Task item
When the line with "Mondgeblazen waterglazen Cancun" turns up below, begin repeating exactly, and carry on through the line with "Amazon-Smile-Logo-e1457724074257 | Global"; no pictures go into the copy.
─── Dataset excerpts ───
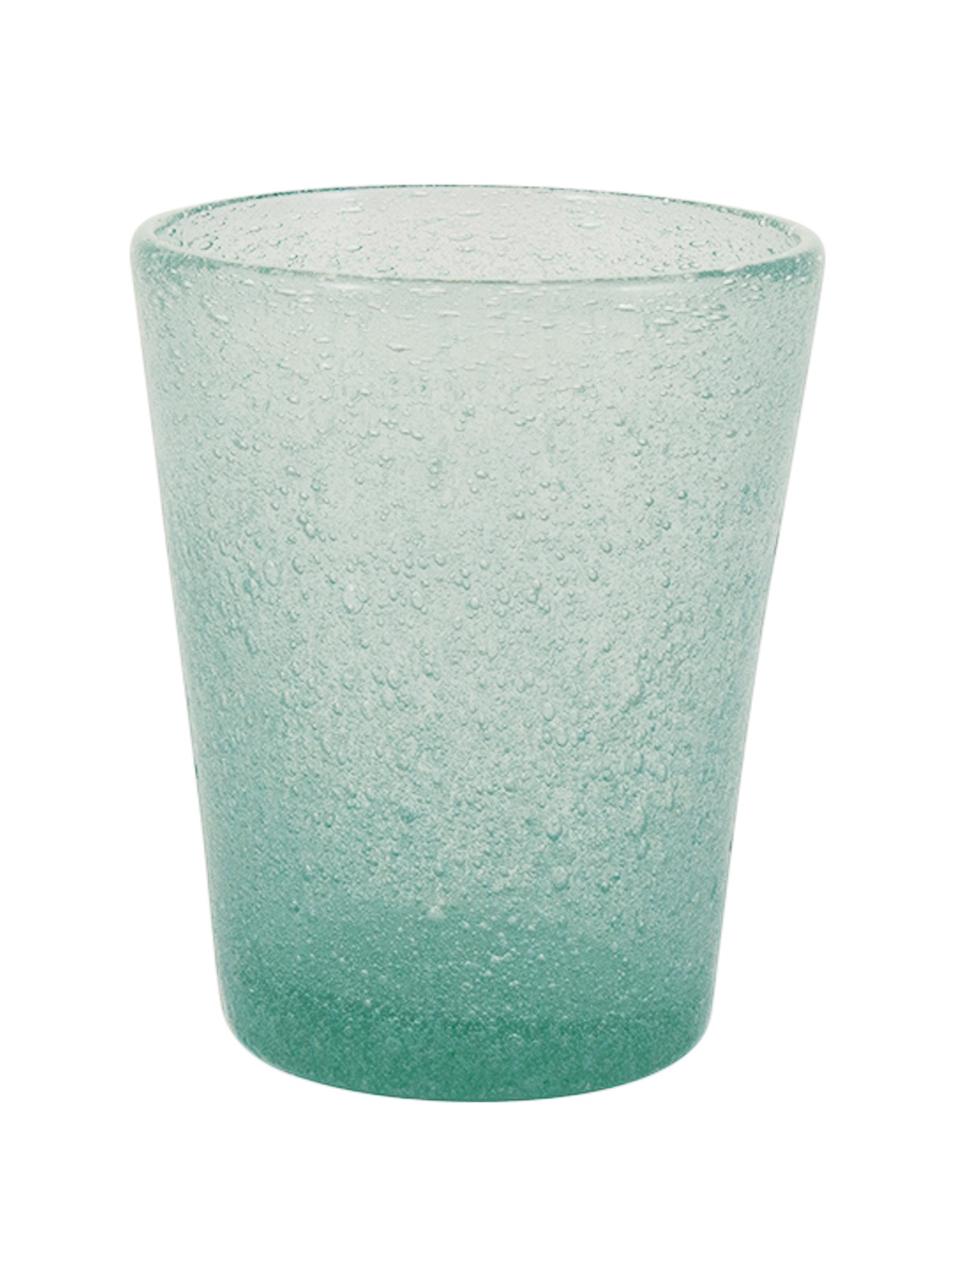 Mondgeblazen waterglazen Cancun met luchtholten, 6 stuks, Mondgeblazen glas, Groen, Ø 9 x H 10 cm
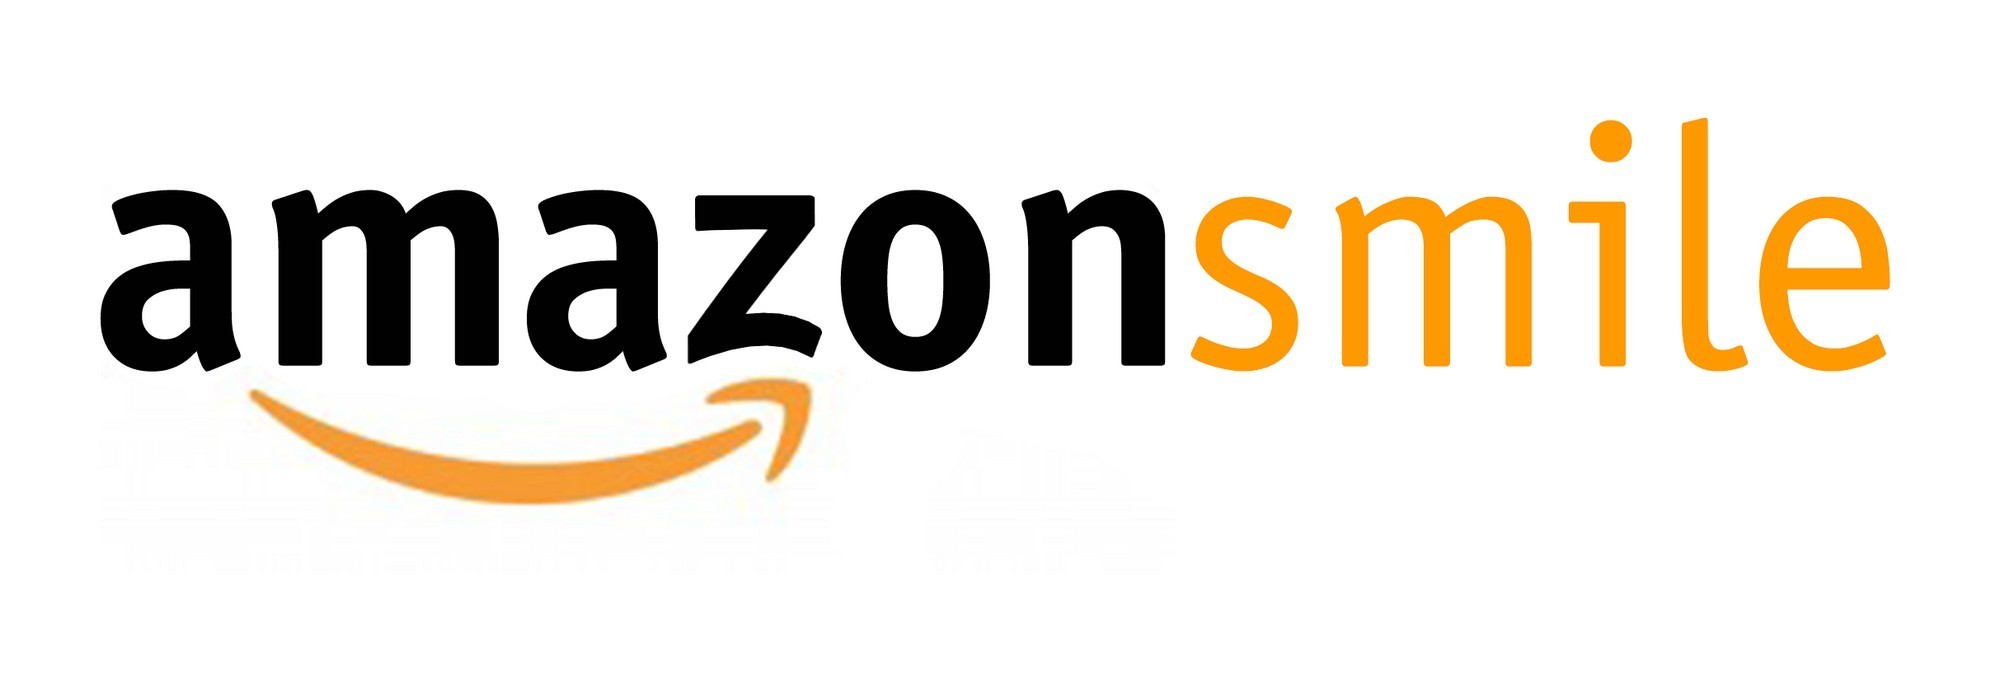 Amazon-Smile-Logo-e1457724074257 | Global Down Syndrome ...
───
─── Dataset excerpts ───
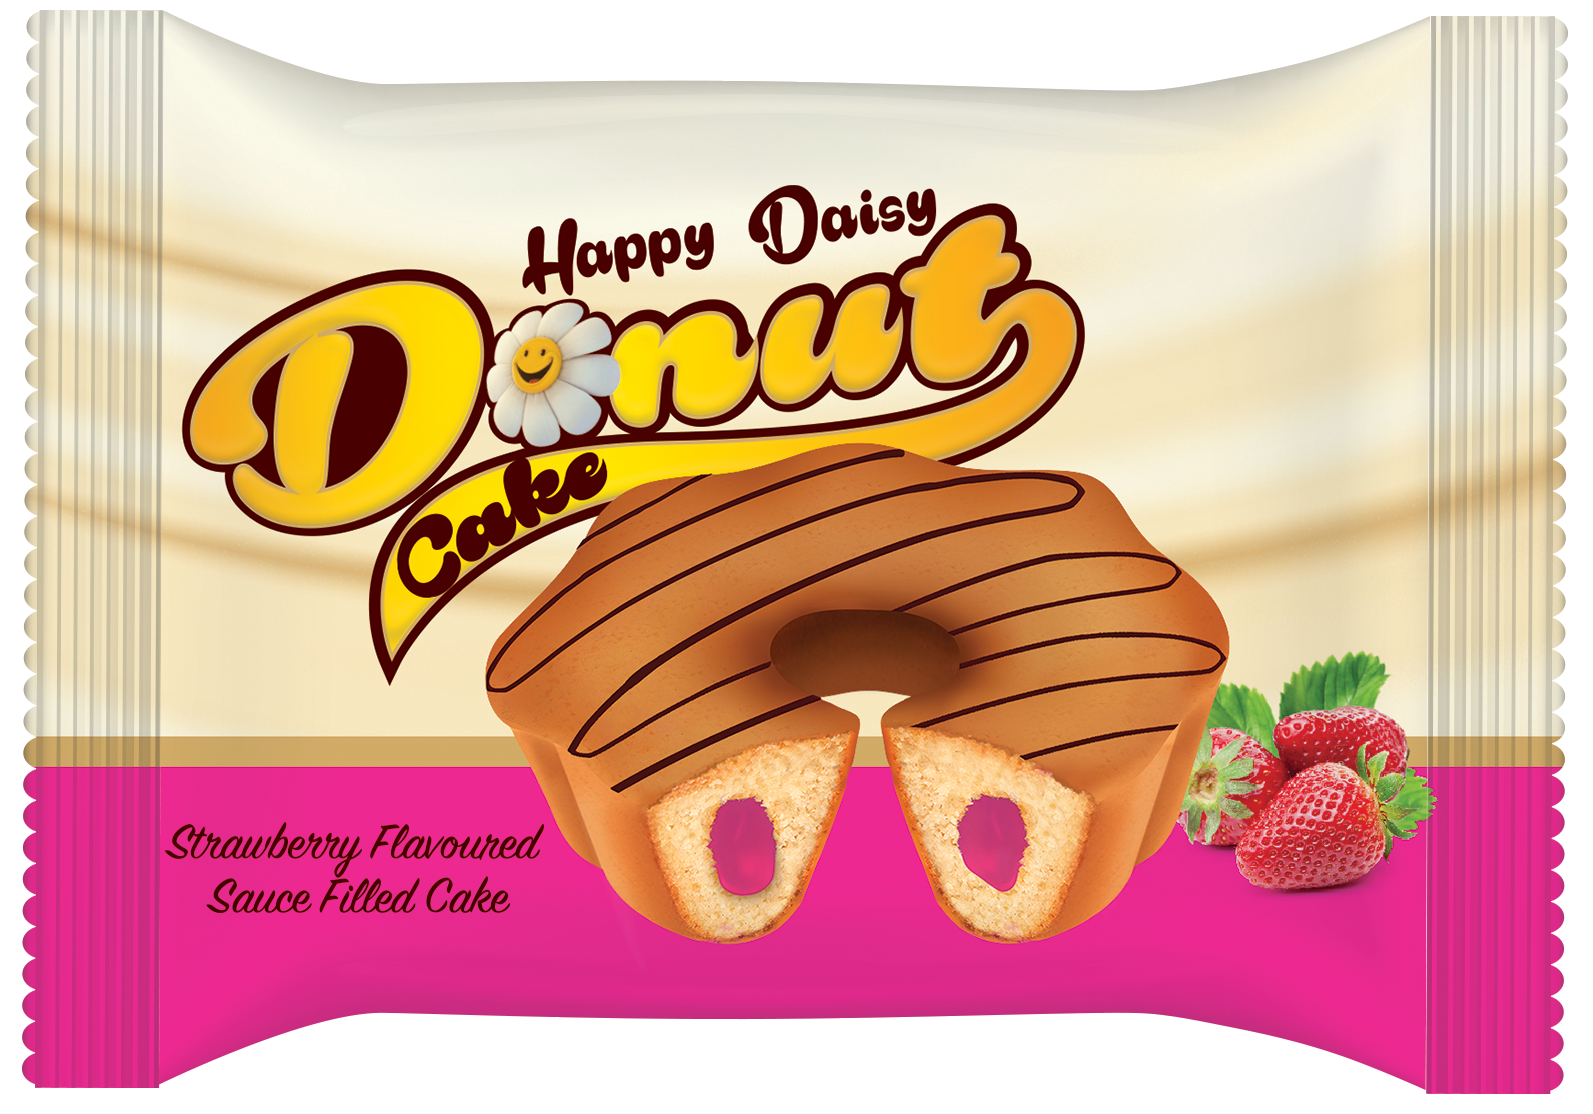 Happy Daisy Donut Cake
───
Output of the task
 Mondgeblazen waterglazen Cancun met luchtholten, 6 stuks, Mondgeblazen glas, Groen, Ø 9 x H 10 cm
 Amazon-Smile-Logo-e1457724074257 | Global Down Syndrome ...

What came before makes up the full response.